LISTED ENTRIES:
**********

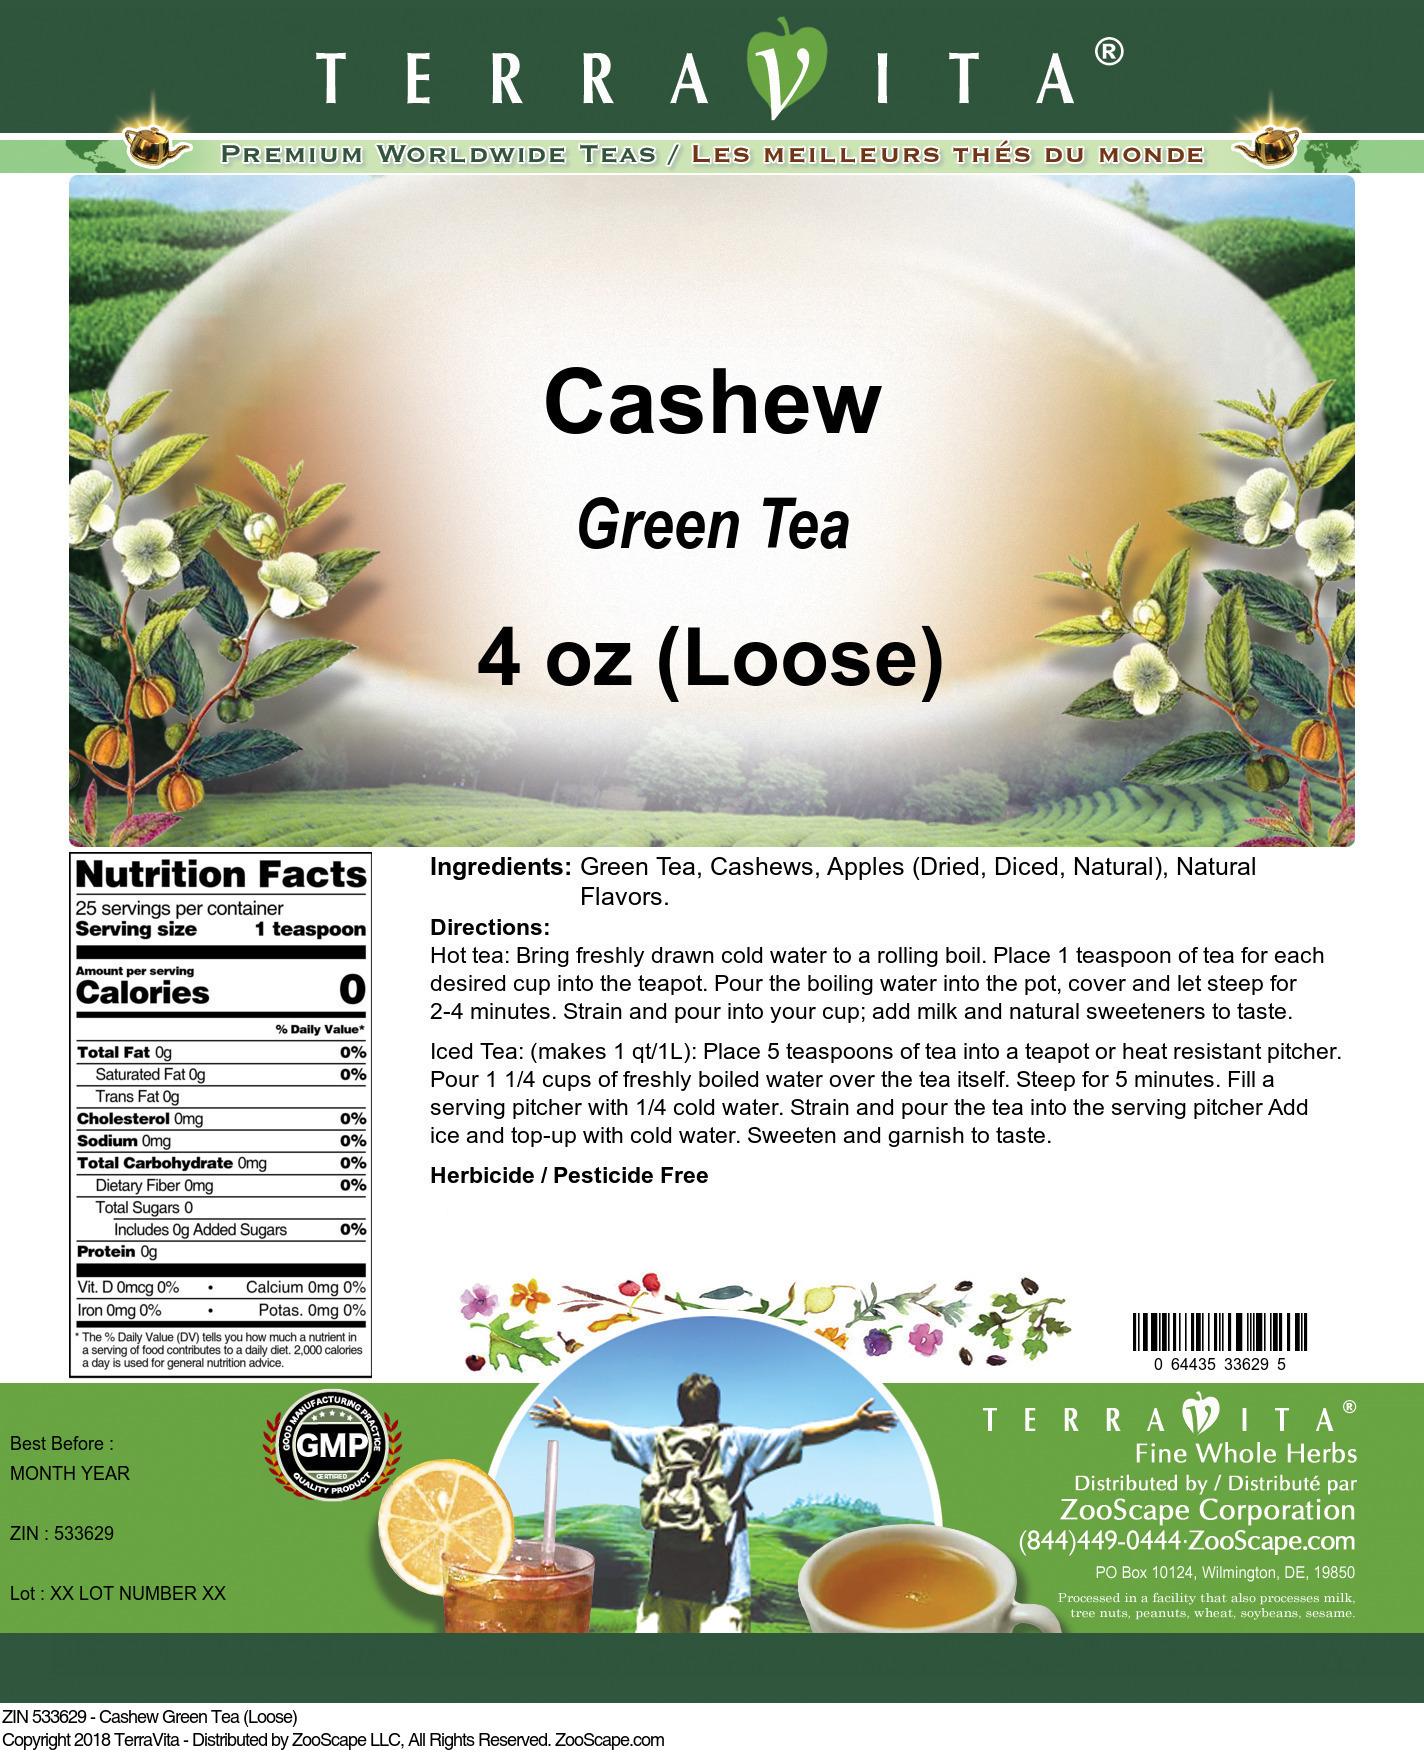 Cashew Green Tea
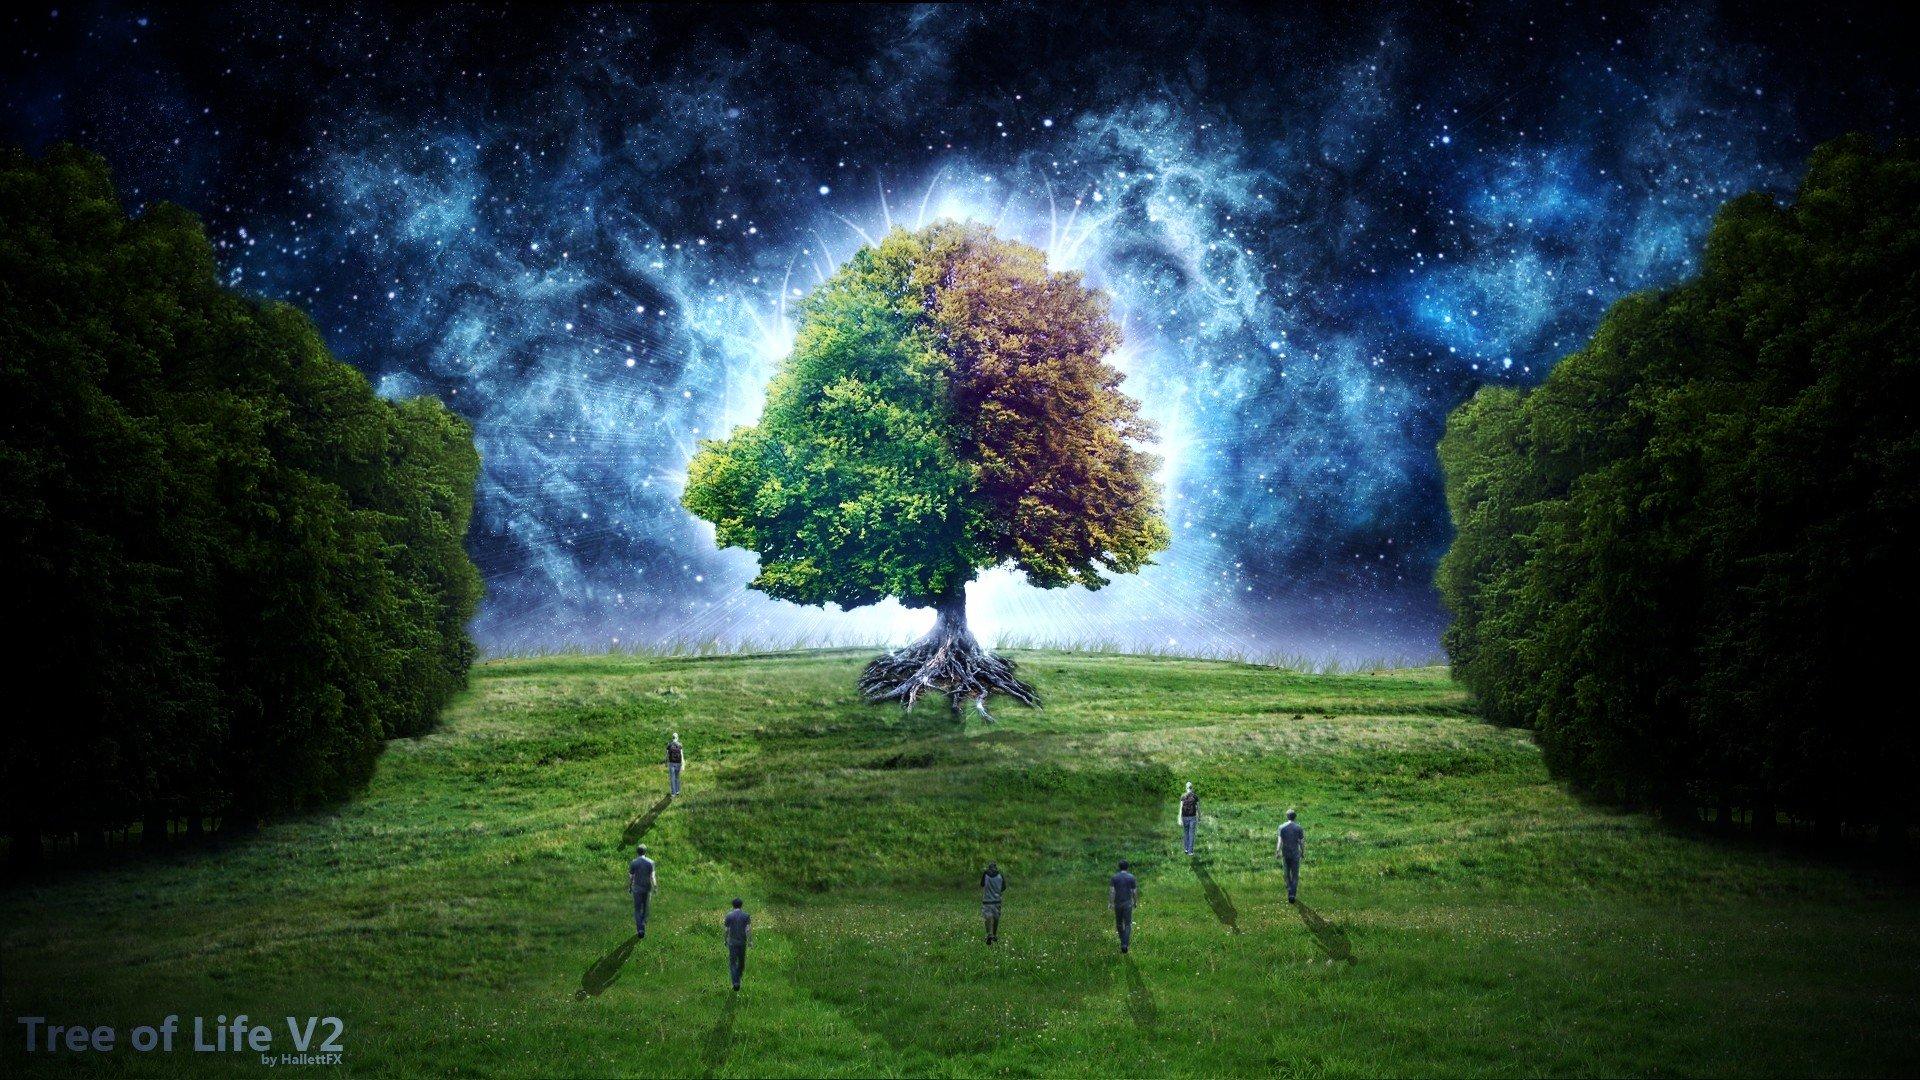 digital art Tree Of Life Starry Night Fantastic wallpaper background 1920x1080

**********

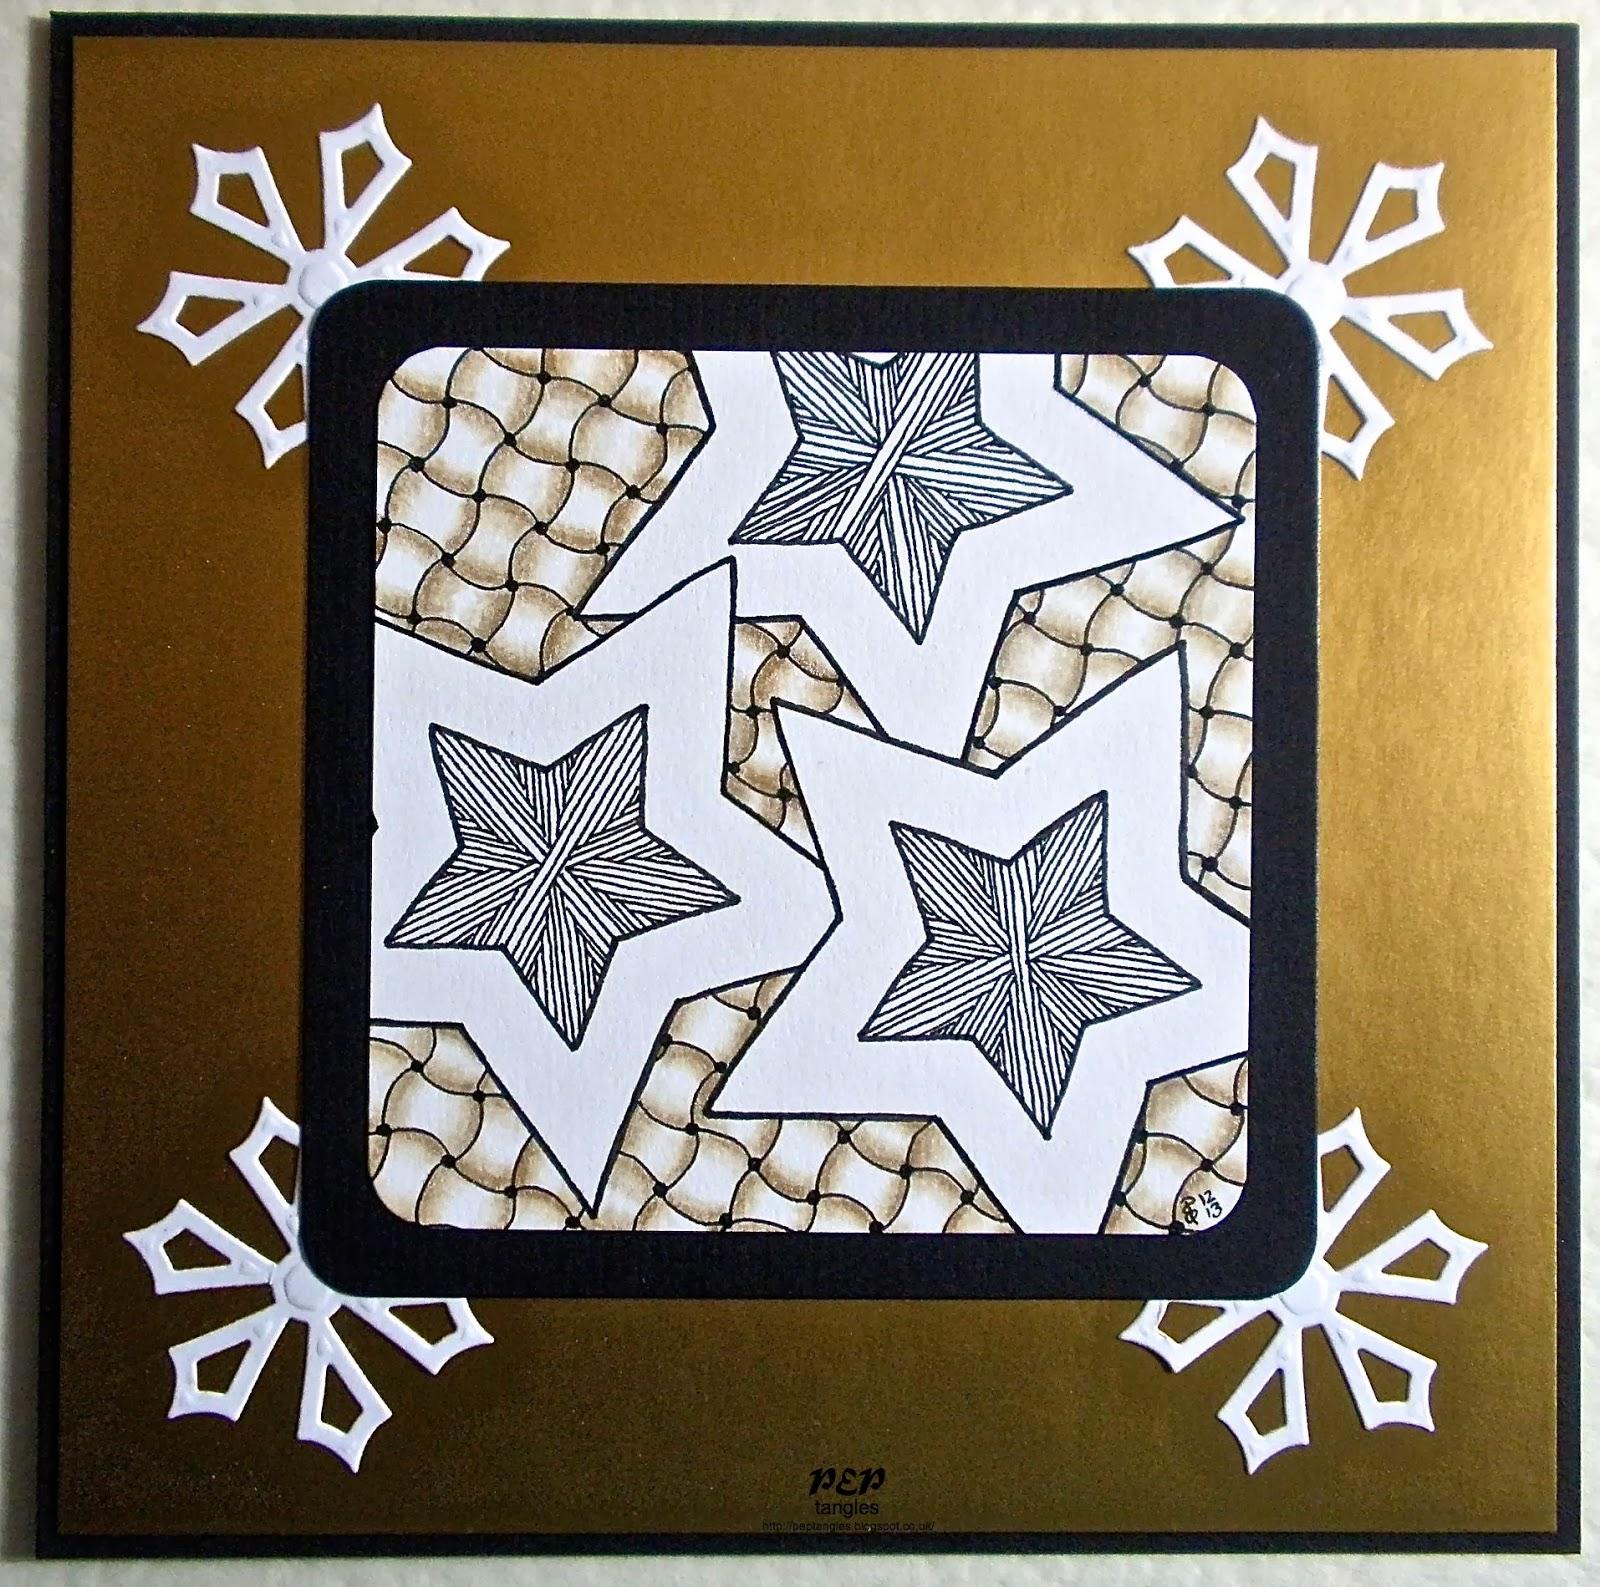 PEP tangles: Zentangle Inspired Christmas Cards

**********

AIM OF THE EXERCISE: Look above for the line holding "Cashew Green Tea" and output everything from it down to the line holding "digital art Tree", both ends included, exactly and without images.

ANSWER BELOW:
 Cashew Green Tea
 digital art Tree Of Life Starry Night Fantastic wallpaper background 1920x1080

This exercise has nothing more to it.